Si vous avez eu affaire à un kinésithérapeute exerçant en libéral l’an dernier, peut-être avez-vous reçu récemment un courrier de la CNS vous invitant à confirmer la réalité des prestations effectuées par ce professionnel de la santé à votre bénéfice et prises en charge par le tiers payant.
C’est qu’un contrôle d’une ampleur inédite vise tous les kinésithérapeutes. Il vaut des appels téléphoniques à ces praticiens de la part de patients surpris par la lettre reçue et même quelques appels de kinésithérapeutes déconcertés à leur association, l’ALK, à ce propos.

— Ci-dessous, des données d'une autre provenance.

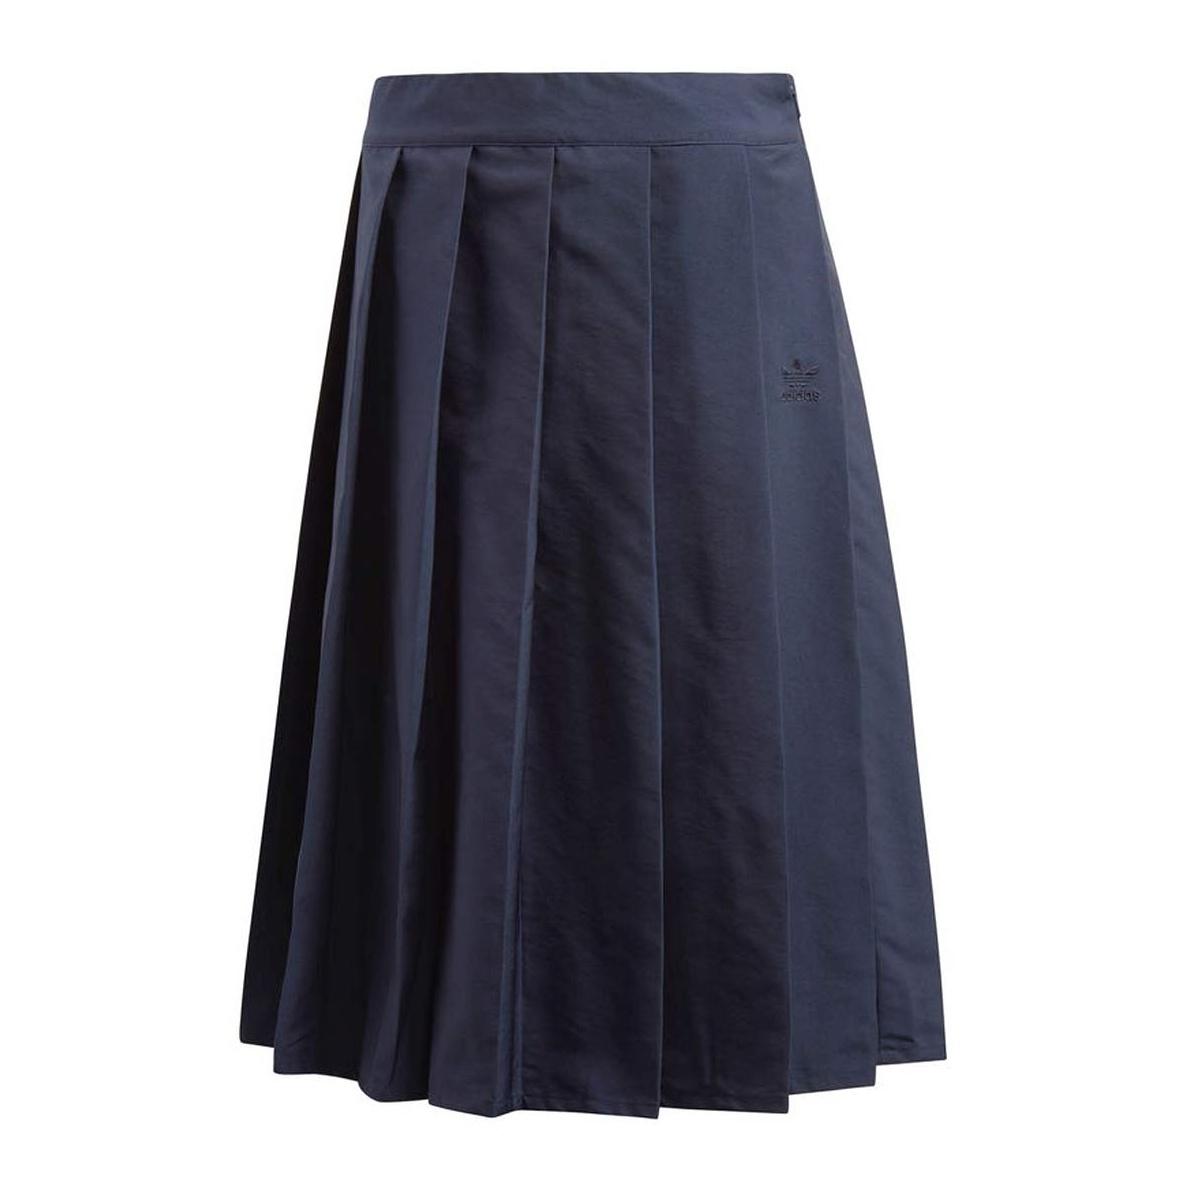 دامن زنانه آدیداس مدل navy skirt ess کد CD6897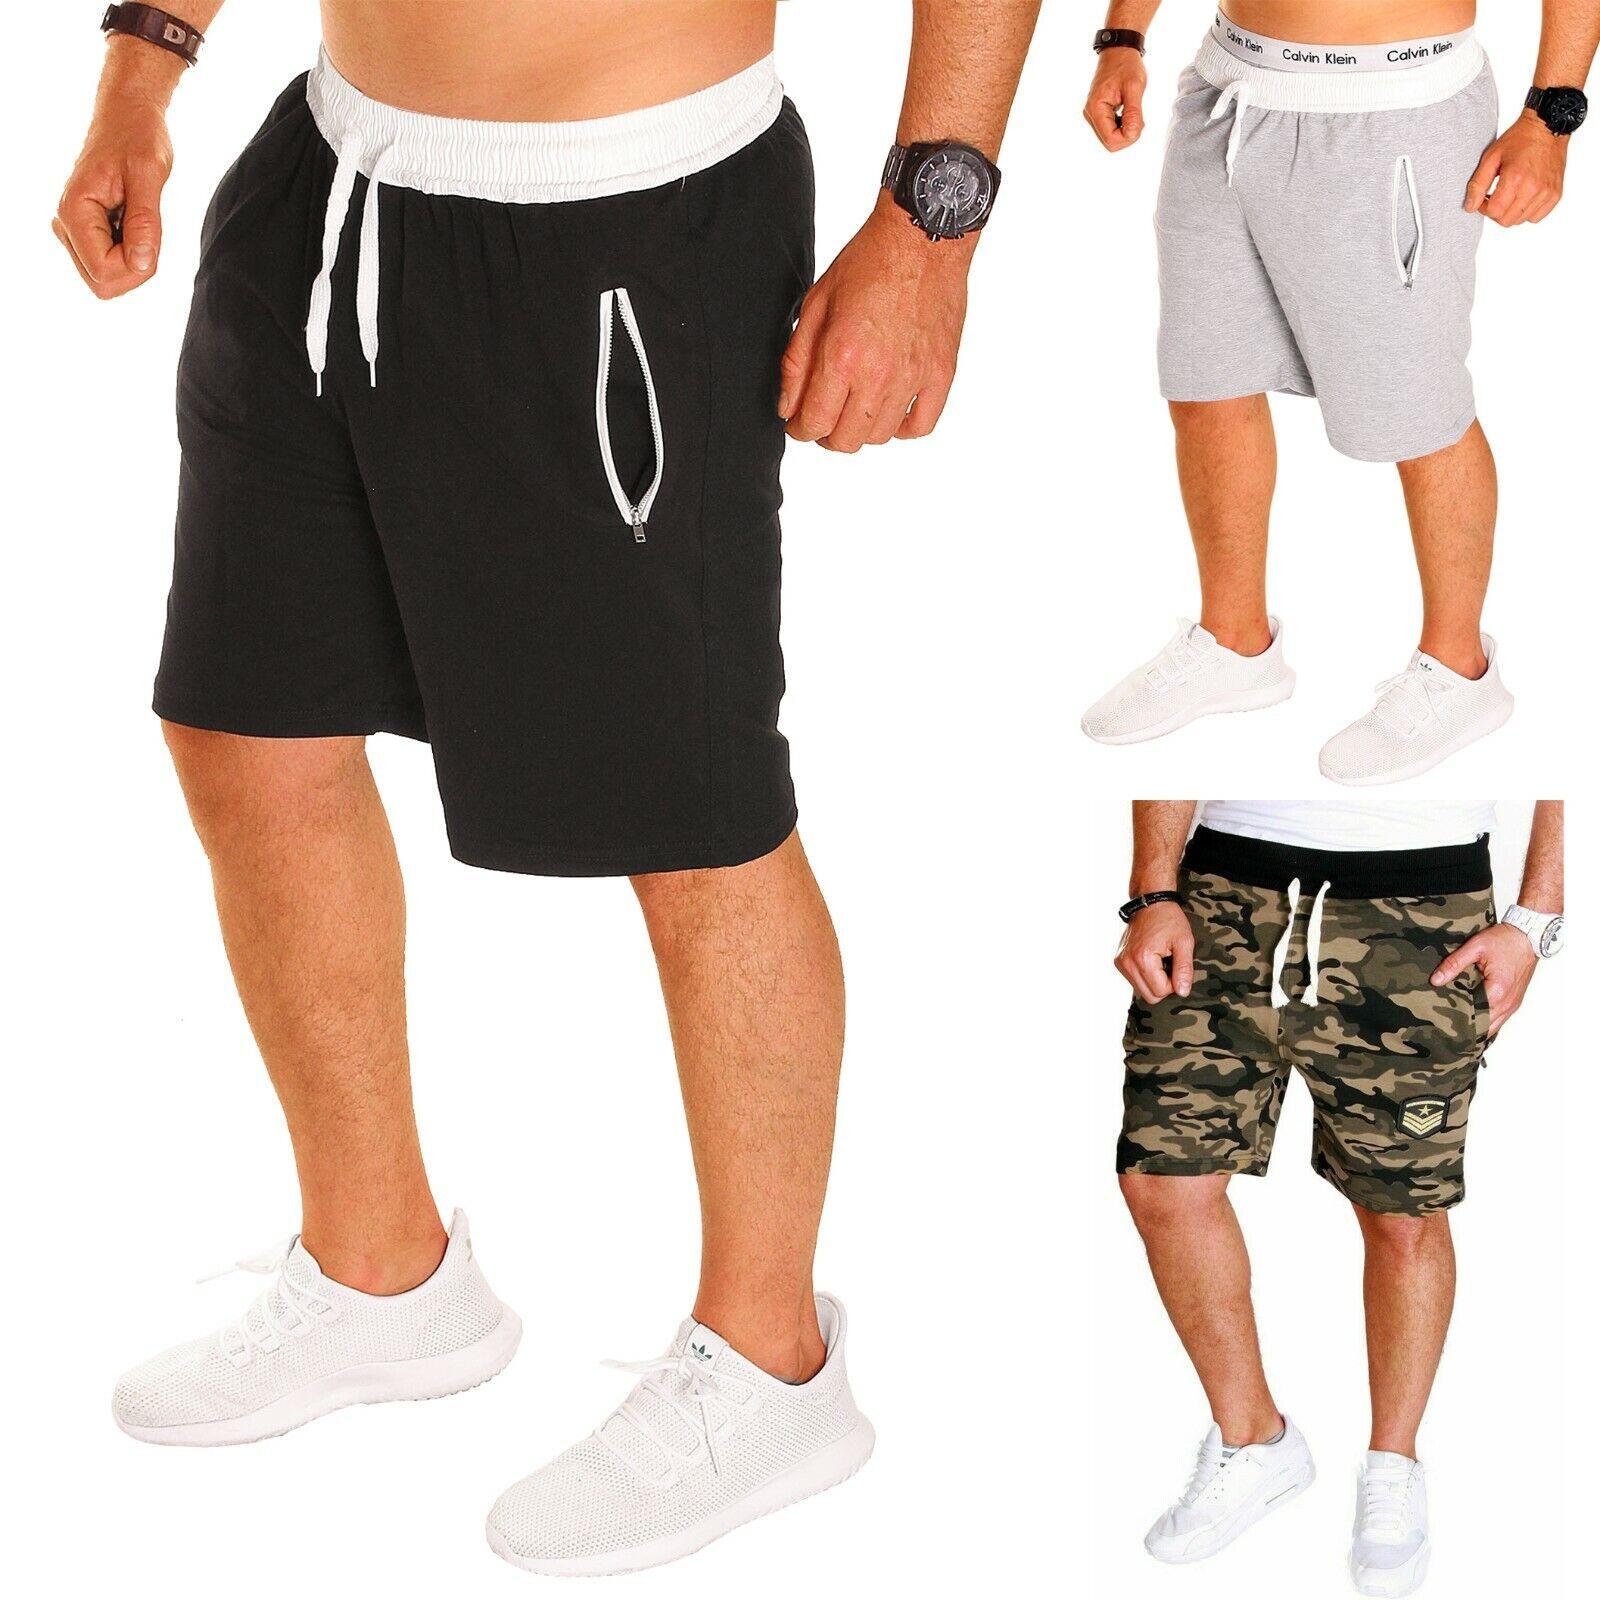 Herren Short shorts shorty sport Baumwolle Capri Hose kurz Sommer uni Neu B.333

«Ce contrôle ne tombe pourtant pas de nulle part», s’étonne, pour sa part, Patrick Obertin, le président de l’Association luxembourgeoise des kinésithérapeutes. L’an dernier, en effet, souligne-t-il, la nécessité d’un contrôle avait été évoquée au mois d’avril lors d’une réunion technique de l’ALK à laquelle tous ses membres avaient été invités à participer. Tous ses membres, cela signifie près de 1200 praticiens sur les 2 000 environ que compte le pays, dont 1 600 en milieu libéral.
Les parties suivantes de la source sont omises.